People walking on a crosswalk
John W Banagan/Getty Images

The inversions continue to happen in the yield curve. This Wall Street-speak means that short-term fixed-income investments like bonds are paying more interest than comparable longer-term investments, something that hasn’t happened since 2007.

The latest example is the 3-month Treasury bill (yielding 2.45 percent) slightly inverting with the 10-year Treasury (approximately 2.44 percent). Though, according to Bloomberg data they were also even for part of the morning as well.

“The Fed’s downgrade of economic assessment and expectations has spooked investors sufficiently that the 3-month Treasury yield and 10-year Treasury yield are nearing inversion,” says Greg McBride, CFA, Bankrate’s chief financial analyst. “An inversion is an ominous recessionary indicator, but can precede a recession by as much as two years – so don’t start packing up canned goods and heading for the hills quite yet.”

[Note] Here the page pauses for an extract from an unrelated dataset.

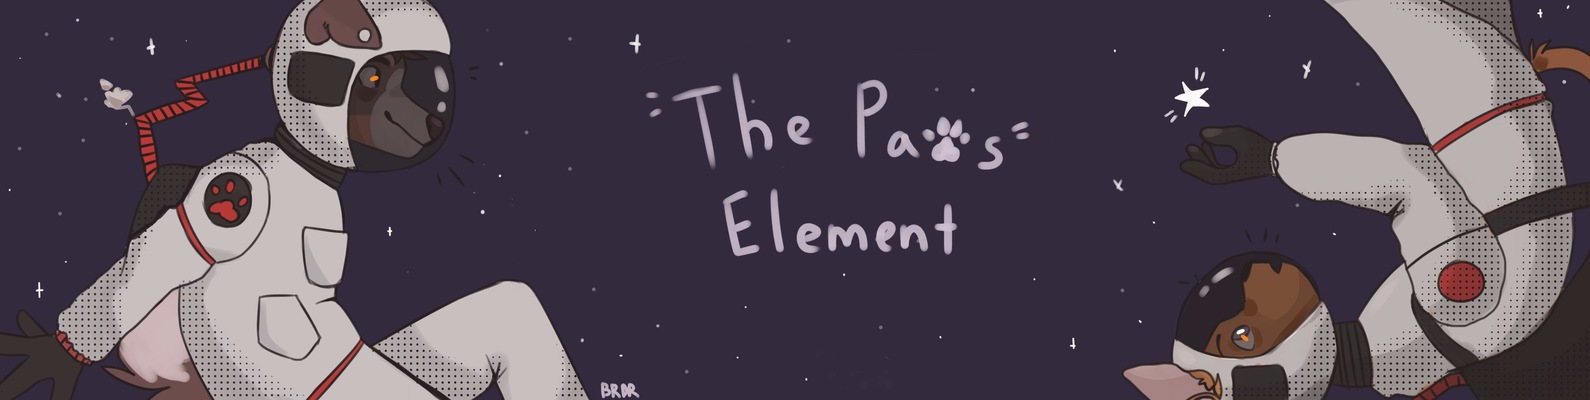 The paws element. Мы фурри! The Paws element. The Paws element концерт. The Paws element мерч.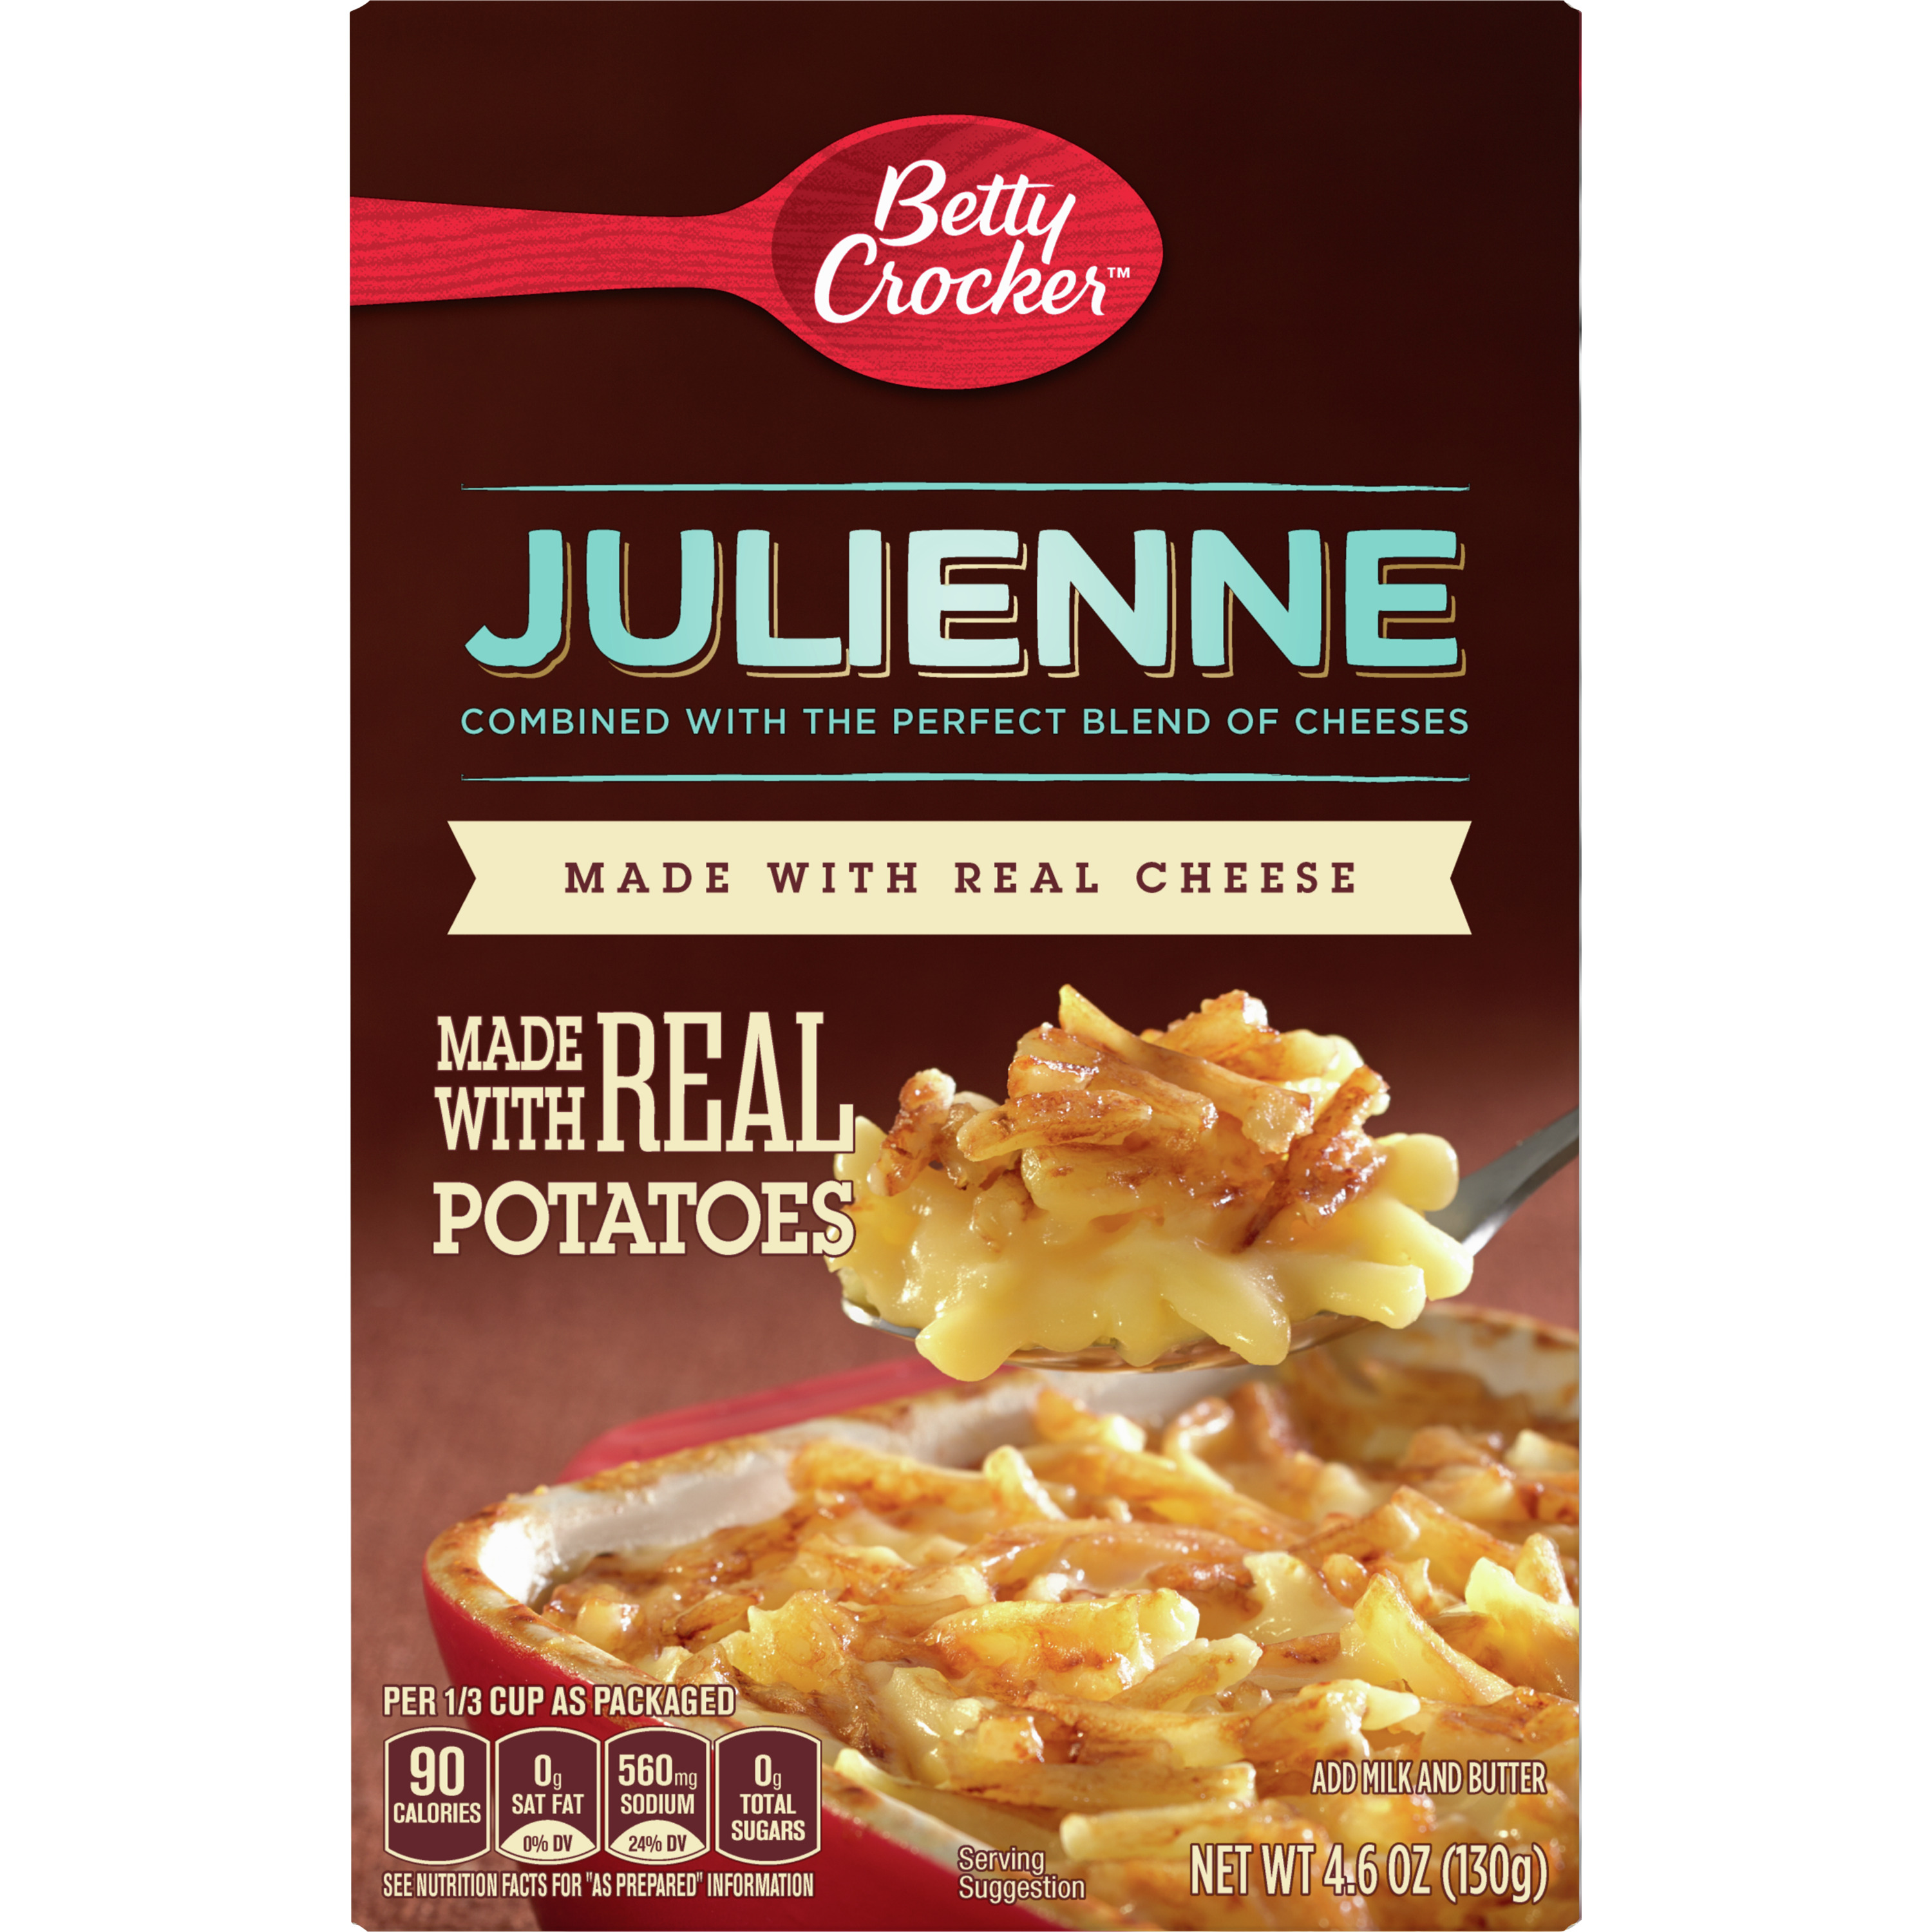 Betty Crocker Julienne Potatoes, Made with Real Cheese, 4.6 oz. - image 3 of 10

Approximately two week ago, the 3-month Treasury bill and the 5-year Treasury inverted.

When the yield curve inverts – meaning a shorter-term Treasury bill has a higher yield than a long-term Treasury – it’s predicted every recession back to the late 1960s, McBride says.

Keep in mind that investors usually demand a higher rate of interest for locking up their money longer.

The first Treasury that people buy when risk increases is the 10-year Treasury, says Campbell Harvey, a professor of finance at Duke University.

“What is a safer investment than (the) 10-year Treasury? … When people start buying it, the price goes up, the yield goes down,” Harvey says. “So it’s just a great indicator in terms of kind of the perception of risk.”

Harvey says the recent inversion is a lead indicator of a potential recession.

It’s important to note that the media – and others – follow the spread between the 2-year Treasury and the 10-year Treasury, which have flattened to a spread of around 10 basis points, but haven’t inverted.

Why the 90-day Treasury may be a key Treasury to monitor

Harvey says he wrote his 1986 doctoral dissertation at the University of Chicago about the yield curve, focusing on the comparison between the spread between the five-year note and the 90-day Treasury bill. The latter length is key, because it equals the time in a quarter.

“So, there’s always a lead time. The lead time is empirically anywhere from three quarters to six quarters,” Harvey says.

When the 90-day Treasury bill and the 5-year Treasury inverted, the clock started. If it continues for a full quarter, Harvey says that would forecast a recession beginning in 2020.

But Harvey says that the yield curve inversion isn’t the only item on his watch list. According to U.S. Department of the Treasury data, there was a five basis point spread between the 3-month Treasury bill and the 10-year Treasury yesterday.

If the two-year Treasury is higher than the 10-year Treasury, this is an inverted yield curve. Under normal circumstances, a longer-term Treasury should have a higher yield than one with a shorter time horizon.

Even though comparing the 10-year Treasury and the two-year Treasury is a common comparison, there are other comparisons to use.

There are more economic indicators than just the yield curve

Harvey refers to these indicators as the four horsemen:

  • Duke CFO survey: 82 percent of U.S. CFO’s surveyed believe a recession will have begun by the end of 2020.
  • Anti-growth trade policy: Harvey says most people are looking at the world trade situation – focusing on China and the U.S. Harvey’s more focused on Brexit. “That would cause very significant disruption of trade in Europe,” Harvey says. “Indeed, there’s some countries in Europe that could be in recession already.”
  • Increased market volatility: “That’s essentially associated with people in corporations being more hesitant to make capital investment,” Harvey says.
  • Inverted yield curve: Gradually, the 3-month Treasury bill has been surpassing longer-term treasuries. With the 3-month Treasury bill and the 5-year inverting a couple of weeks ago. And the 3-month Treasury bill and the 10-year Treasury one basis point apart, according to Bloomberg, on Friday morning.